Pengampunan yang dituntut oleh Allah bukan hanya pengampunan yang dangkal, namun pengampunan dengan segenap hati, yang berarti harus dilakukan dengan sungguh-sungguh. Yesus meminta kita mengampuni seperti perumpamaan raja yang murah hati dalam membebaskan hamba yang berhutang banyak kepadanya. Yesus mengajarkan bahwa sikap keikhlasan untuk selalu mau mengampuni sesama kita, sekiranya menjadi tolok ukur dan karakter khas sebagai murid-Nya. Kalau kita tidak mau mengampuni orang lain, maka kita pun tak akan mendapatkan pengampunan dari Tuhan. Dengan demikian, hidup kita pun akan tetap mengalami sakit. Hati yang sakit itu bagaikan bangunan yang bisa runtuh karena dimakan ngengat atau pergantian cuaca yang ekstrem, karena ketahanan diri semakin melemah.
Tuhan tidak menghukum, melainkan mengampuni: “Bagaimana tidak Aku akan sayang kepada Niniwe, kota yang besar itu, yang berpenduduk lebih dari seratus dua puluh ribu orang, yang semuanya tak tahu membedakan tangan kanan dari tangan kiri, dengan ternaknya yang banyak?” (Yun. 4:11). Kasih Allah yang sejati, juga tampak dalam diri Yesus yang senantiasa mengampuni, bukan menghukum. Peristiwa kasih dan pengampunan Allah ini banyak diceritakan dalam Injil. Yesus mengajarkan dan melakukannya secara nyata. Ia mengasihi orang berdosa dan meminta mereka untuk bertobat, agar tidak melakukan perbuatan dosa lagi. Itulah kasih Allah yang sejati, tidak menghukum melainkan mengampuni.
Sebagai anak-anak Allah, kita harus berani tampil beda. Jika kita melihat bagaimana kehidupan dan ajaran Yesus, mungkin kita akan melihat ajaran yang selalu bertolak belakang dengan prinsip dunia. Di sinilah Yesus inginkan agar kita menemukan apa yg menjadi nilai prinsip dasar ajaran-Nya. Dalam setiap tindakan-Nya, Yesus selalu menampilkan kasih. Kasih selalu akan membuahkan damai, sukacita dan keselamatan (bdk. Gal 5:22).
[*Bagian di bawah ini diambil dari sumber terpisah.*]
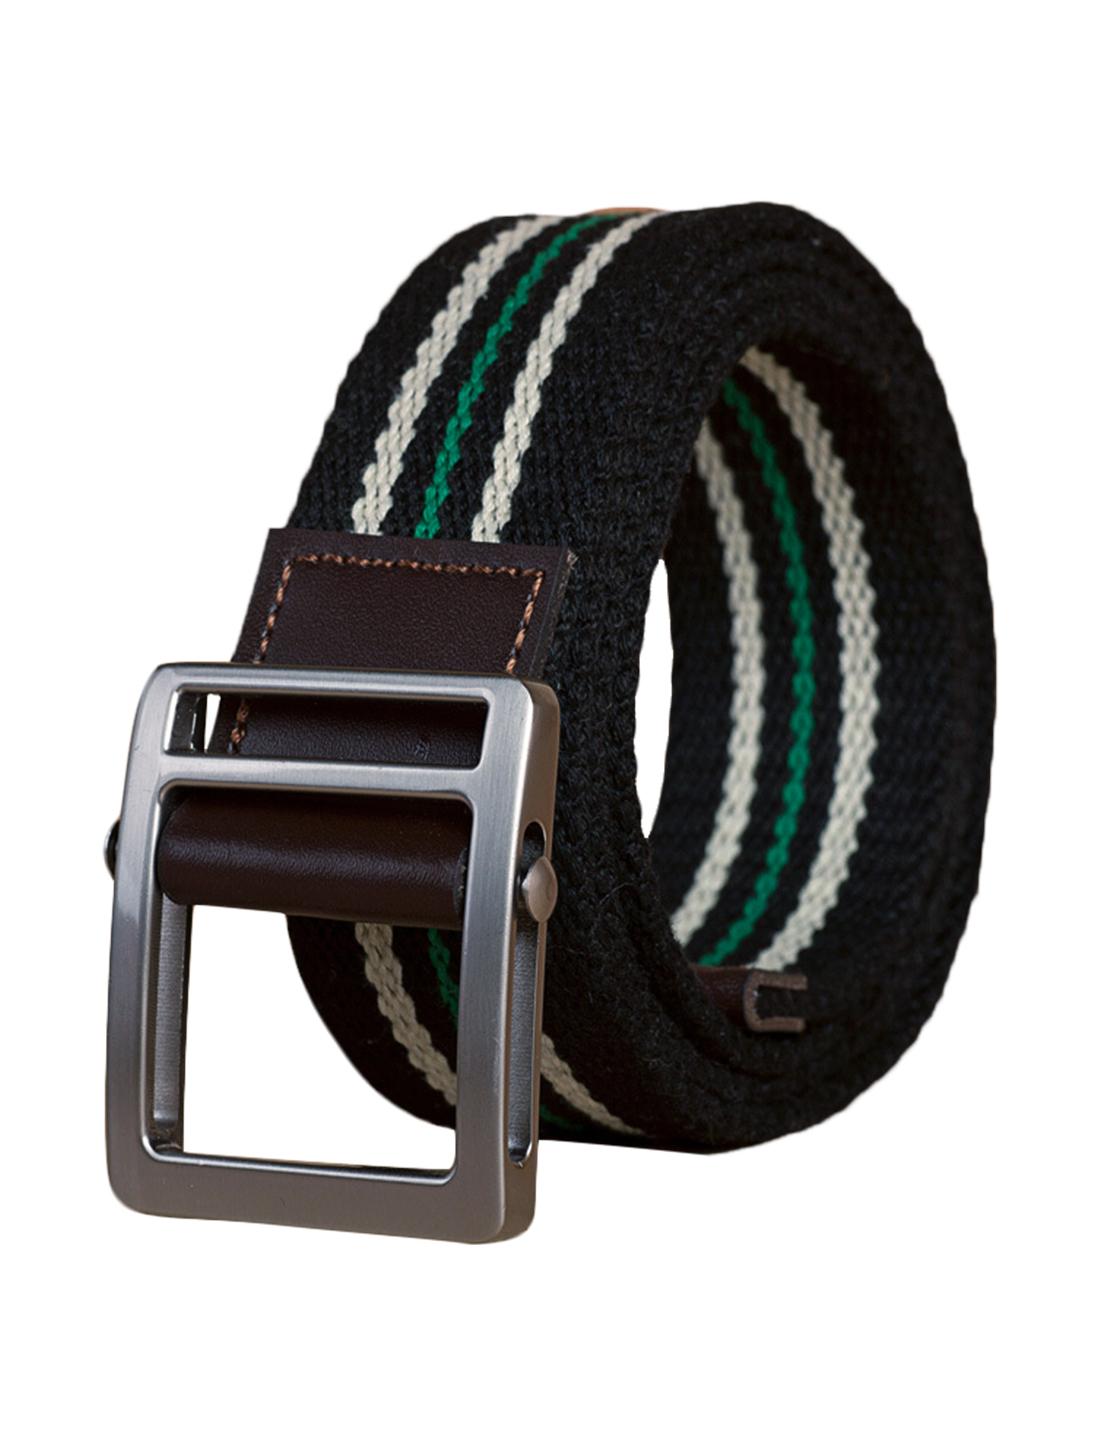 "Unisex Leather Paneled Striped Slide-buckle Belt Width 1 5/8"" Black"
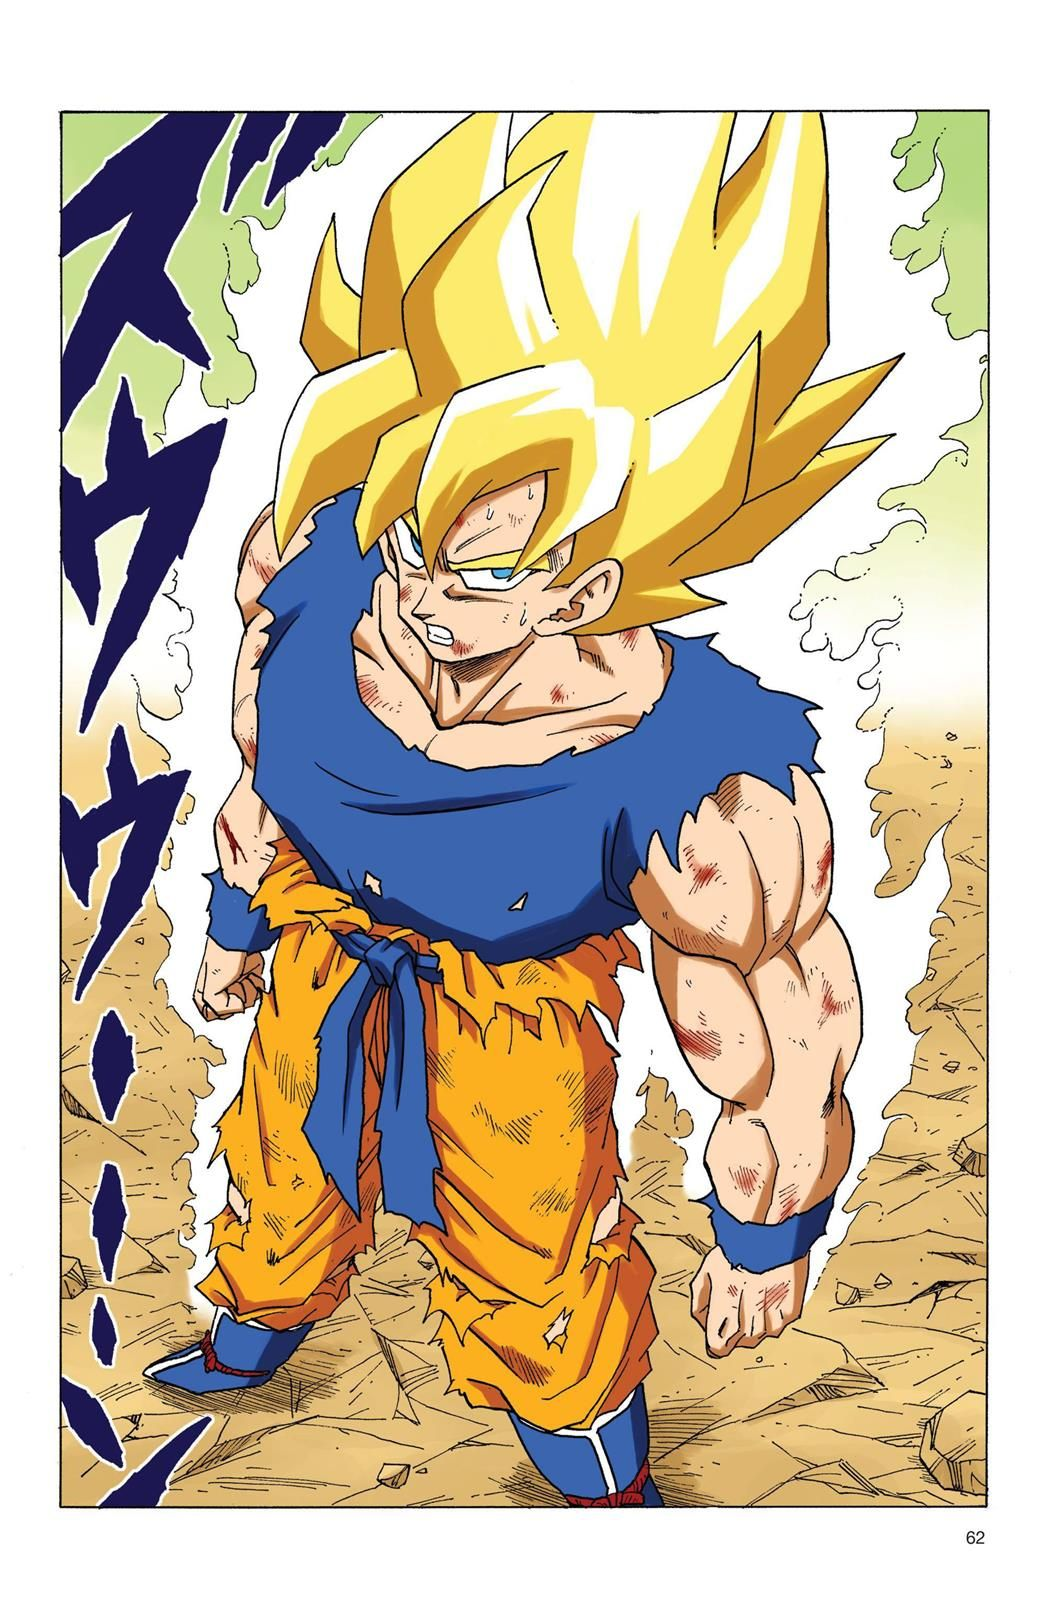 Read Dragon Ball Full Color Freeza Arc Chapter 70 Page 10 Online For Free Dragon Ball Artwork Dragon Ball Super Manga Dragon Ball Wallpapers

Maukah kita tampil beda? Menjadi anak-anak Allah dengan tindakan kasih yang nyata, dengan mau mengampuni?
Sr. Felisia Ketut, M.C.
1 Comment
Chatarina Suci A.
Maknanya sangat mendalam karena kata *mengampuni* tidak hanya sekedar diucap dibibir saja akan tetapi harus seiring keikhlasan hati yang paling dalam.